**THE TASK:** For the data below, transcribe the part that opens with the line containing "Anatomical Teaching Models" and closes with the line containing "Børnearbejde, bundløs gæld", exactly and with no pictures.

**DATASET CONTENT:**
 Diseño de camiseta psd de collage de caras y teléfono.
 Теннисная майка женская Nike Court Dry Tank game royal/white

---

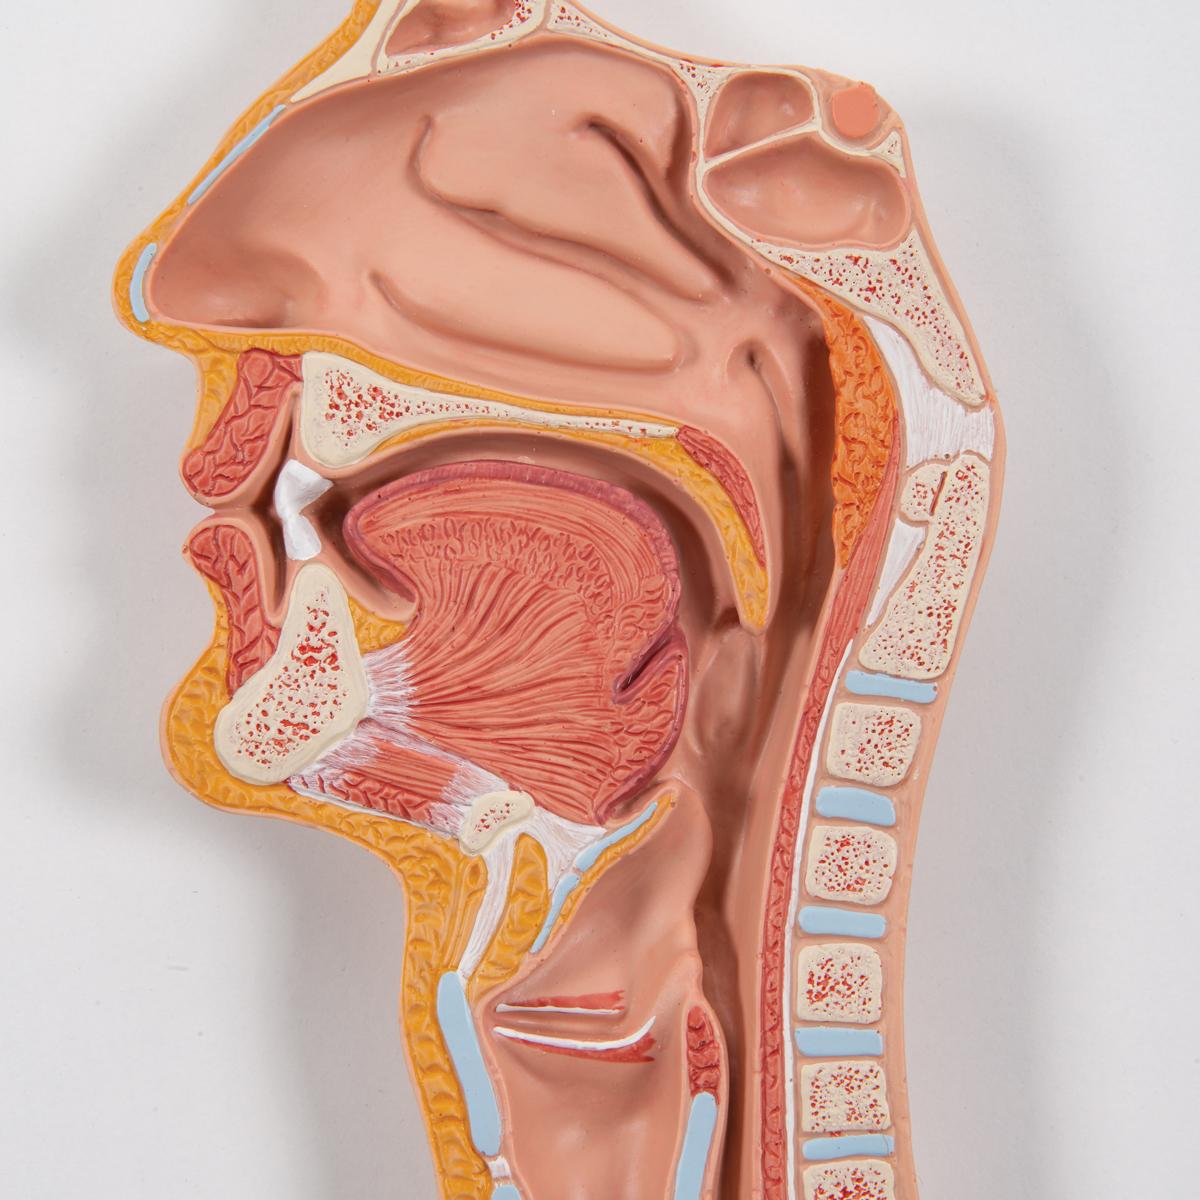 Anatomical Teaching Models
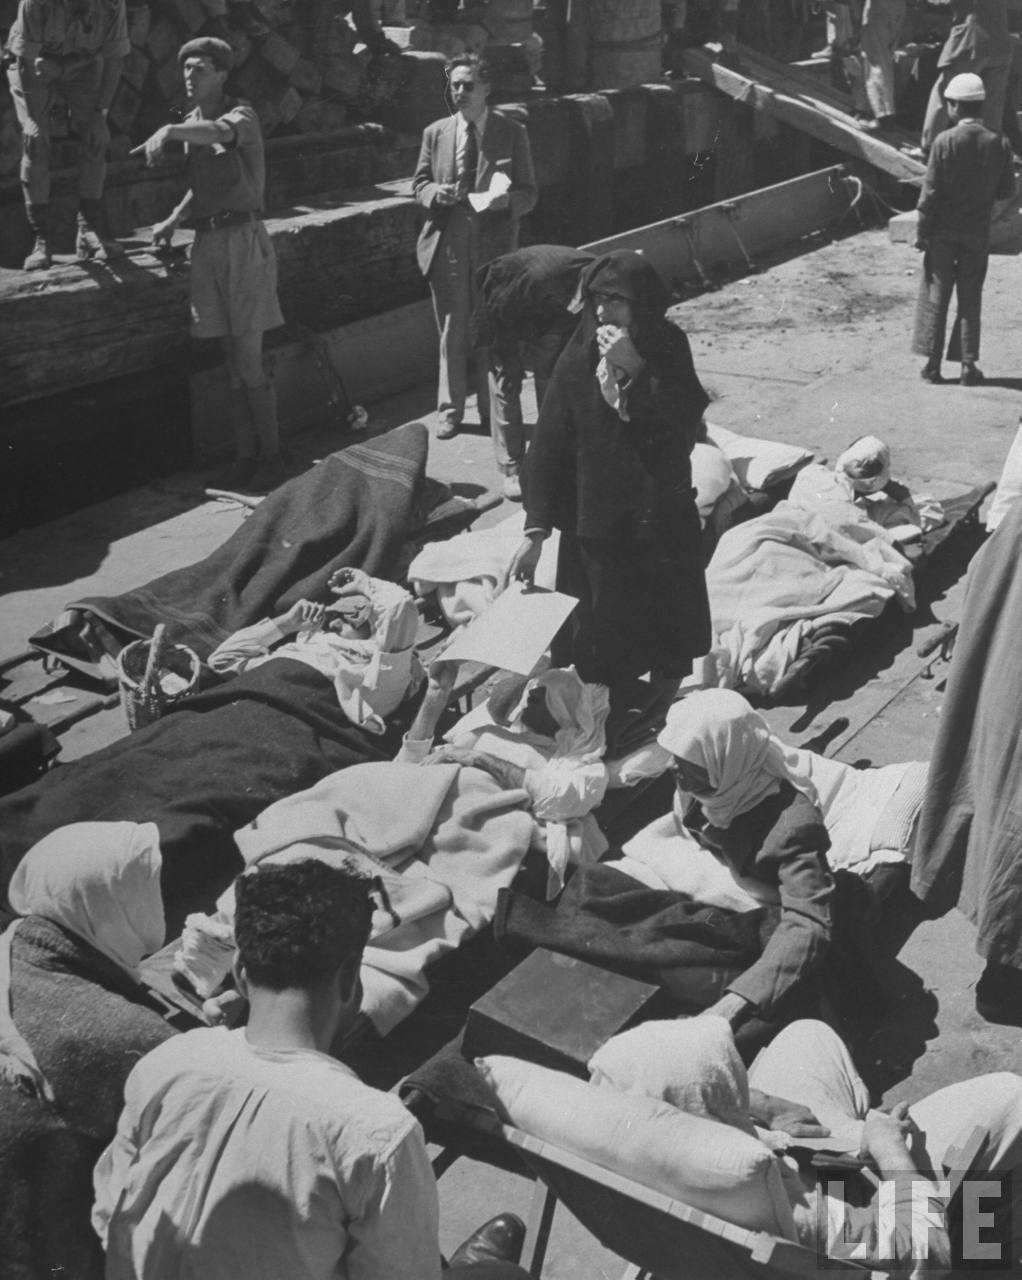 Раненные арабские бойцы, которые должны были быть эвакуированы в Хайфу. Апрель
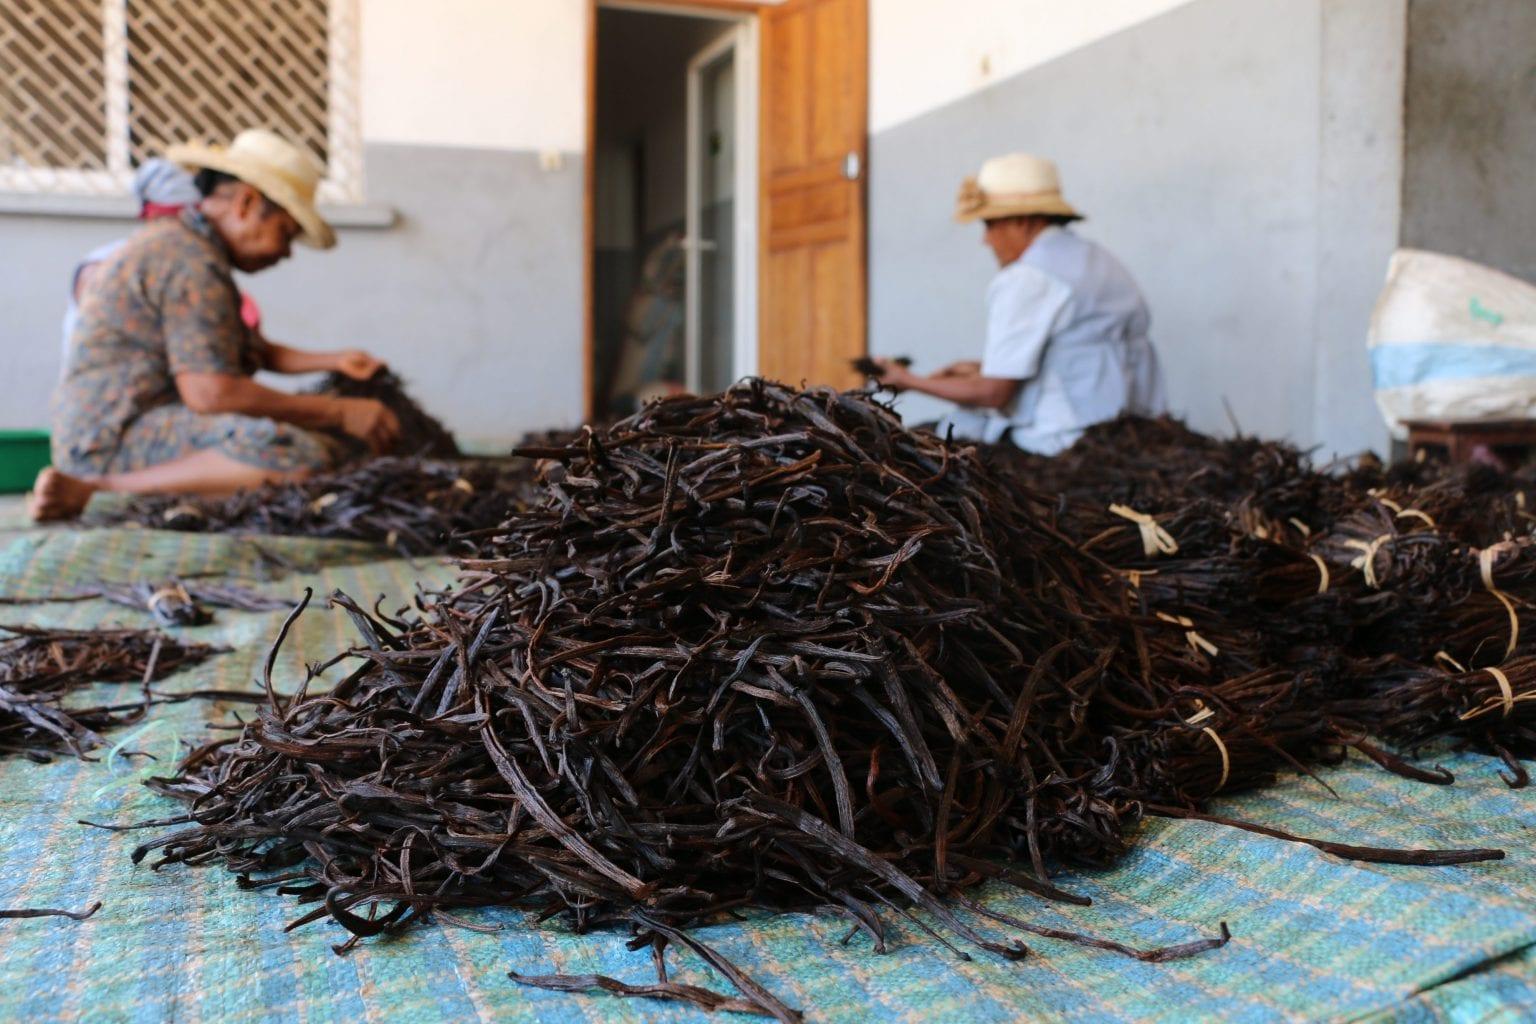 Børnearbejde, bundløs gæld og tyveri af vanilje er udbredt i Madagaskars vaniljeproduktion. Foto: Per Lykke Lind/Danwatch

==

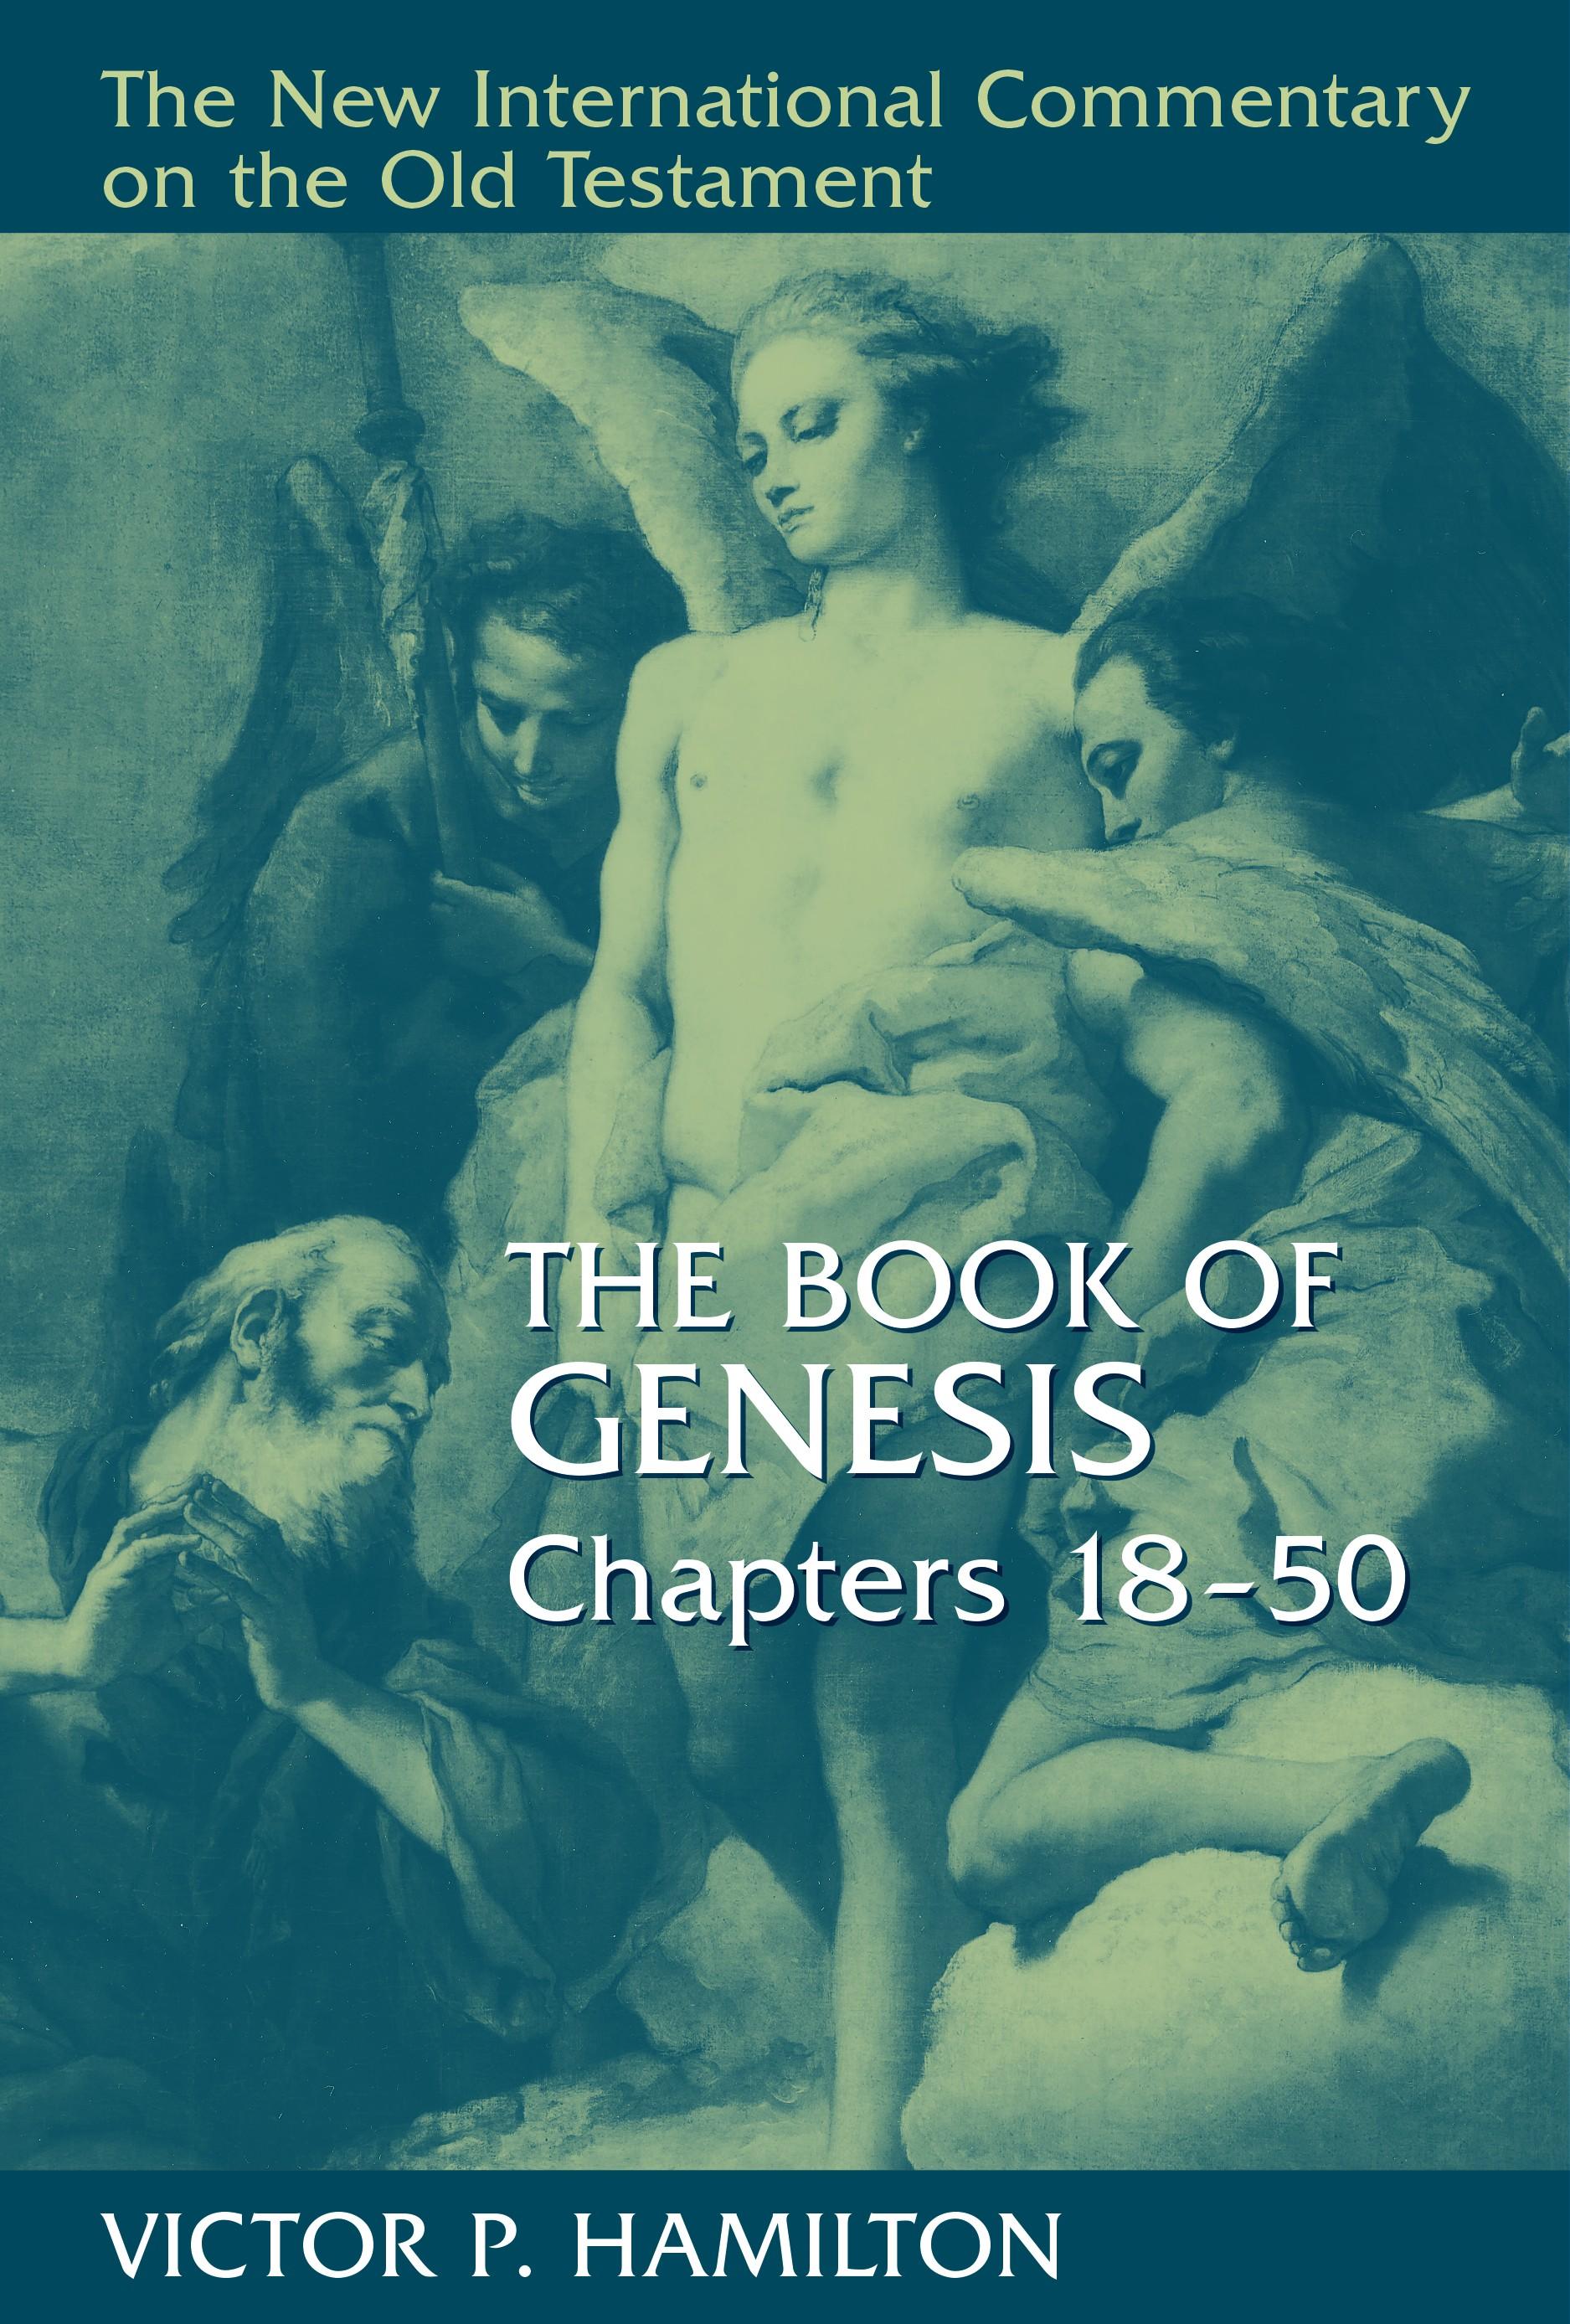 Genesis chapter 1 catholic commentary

**RESULT OF THE TASK:**
 Anatomical Teaching Models
 Раненные арабские бойцы, которые должны были быть эвакуированы в Хайфу. Апрель
 Børnearbejde, bundløs gæld og tyveri af vanilje er udbredt i Madagaskars vaniljeproduktion. Foto: Per Lykke Lind/Danwatch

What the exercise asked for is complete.